I am a married man, but now I is me. I found one person living alone, really need a lot of courage. a person's life is very easy to produce, such as autism, depression, anorexia, including suicide psychosis many psychological problems.
this times after returning home, the first thing I bought a pot for their own tall bamboo on the Japanese on the balcony, then a green, gave me cool, but also gave me tough.
day, I insist on getting up early Running in the morning writing, noon to buy food, cooking, afternoon meeting with friends, reading the evening Kandie, going to bed early, to adhere to a normal schedule. alone a long time, I began very fond of such living conditions.
In fact, a person from birth to death, in essence, is a human being, such as the Buddhist speaks of Whether this person is living in what state, it is the toward the crowd.
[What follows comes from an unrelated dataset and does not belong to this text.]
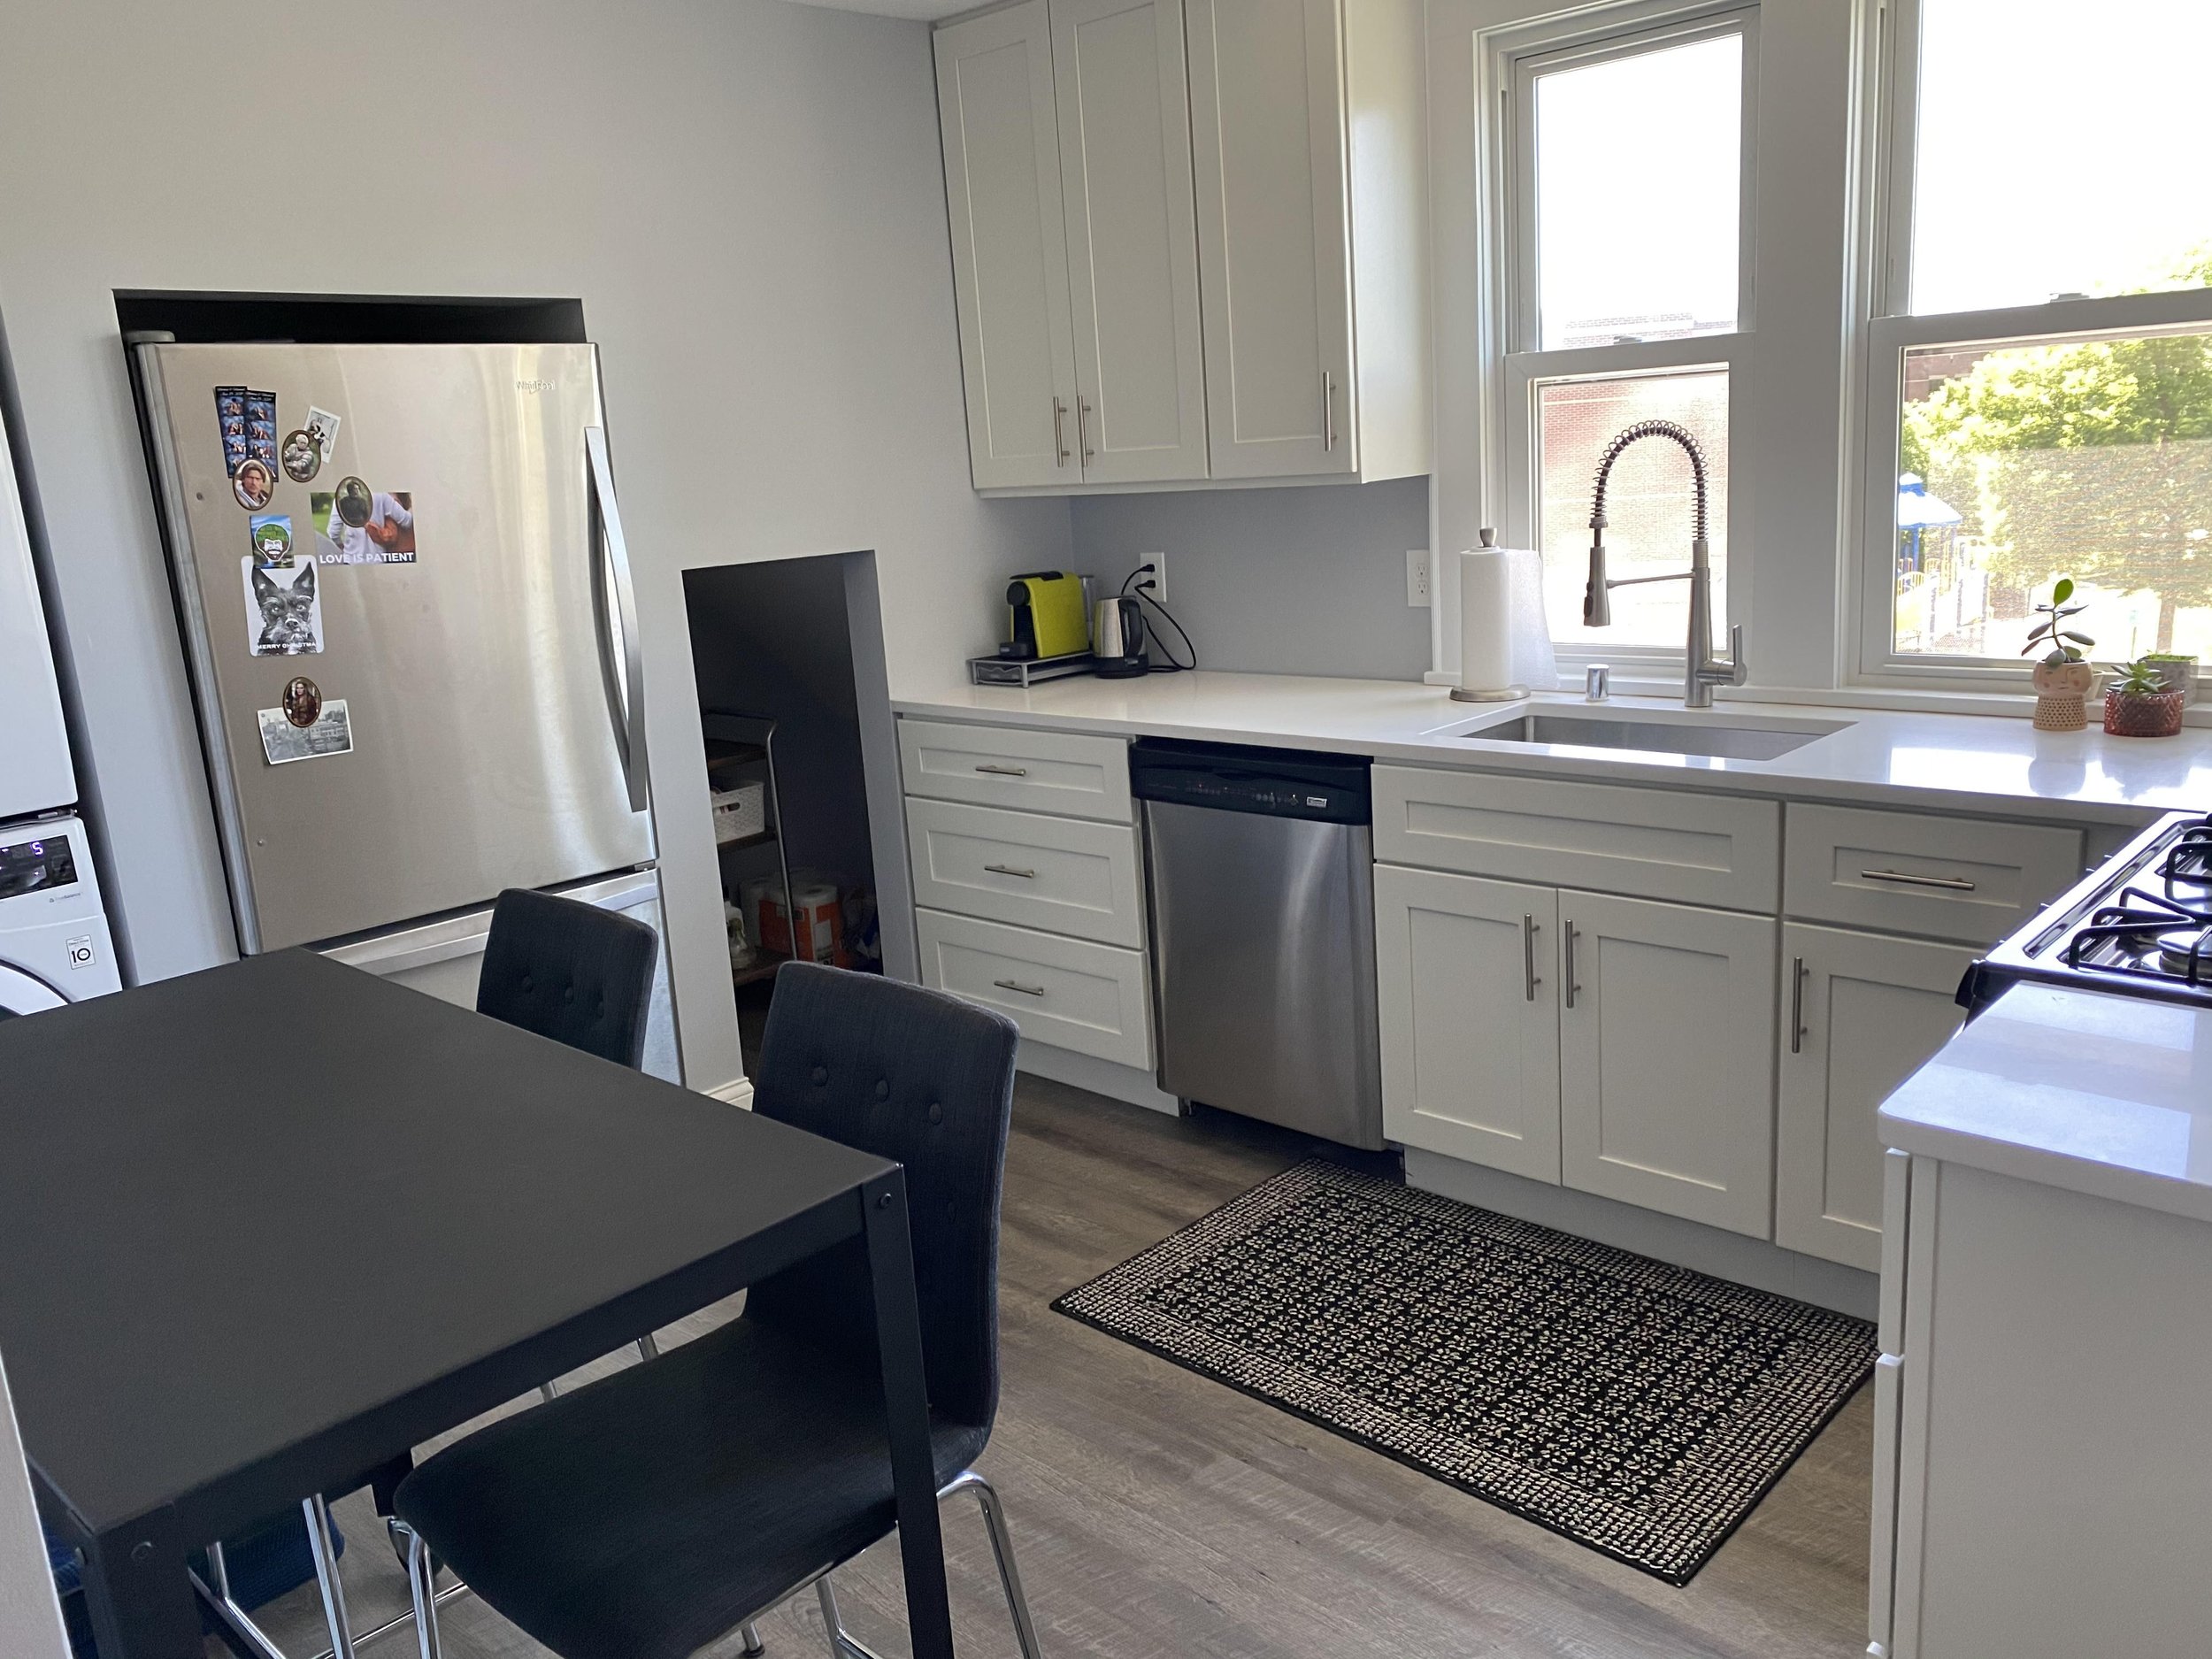 Rental apartment kitchen

This can only exist with others, to feed back their own existence, survival is not from their own inner strength. Some people would like a little inner hard core, the lack of scalability and tolerance; And some people like inner sea, able to accommodate many of the disasters in life, but also other people in life do not feel smell the aroma.
when you and your loved ones or friends, we should also respect them single . In the past when dealing with people's feelings and ignore things, only in the single time in order to perceive and appreciate them carefully, for those beautiful things, but will know how valuable they are.
day since I got married, my husband and I has been the heart are recognition; appreciate each other; be grateful for each other needs of life, not just because we are husband and wife. though often he is not me, but I can feel his breath and his voice his smile, he was at my side, I is not alone.
even from now on, I live alone, I can live very well. I experienced many things, waves, and hell, brocade-like, rough, like bowls, bizarre, dark visions. I have some to understand: Life is like wine, some people who drink wine; some people who drink; some people is to make wine drinking, and drink themselves. before I had been drink , also was drunk, and now I feel one with the wine to achieve integration of the state, married or single it just looks to me, and my heart it too far separated.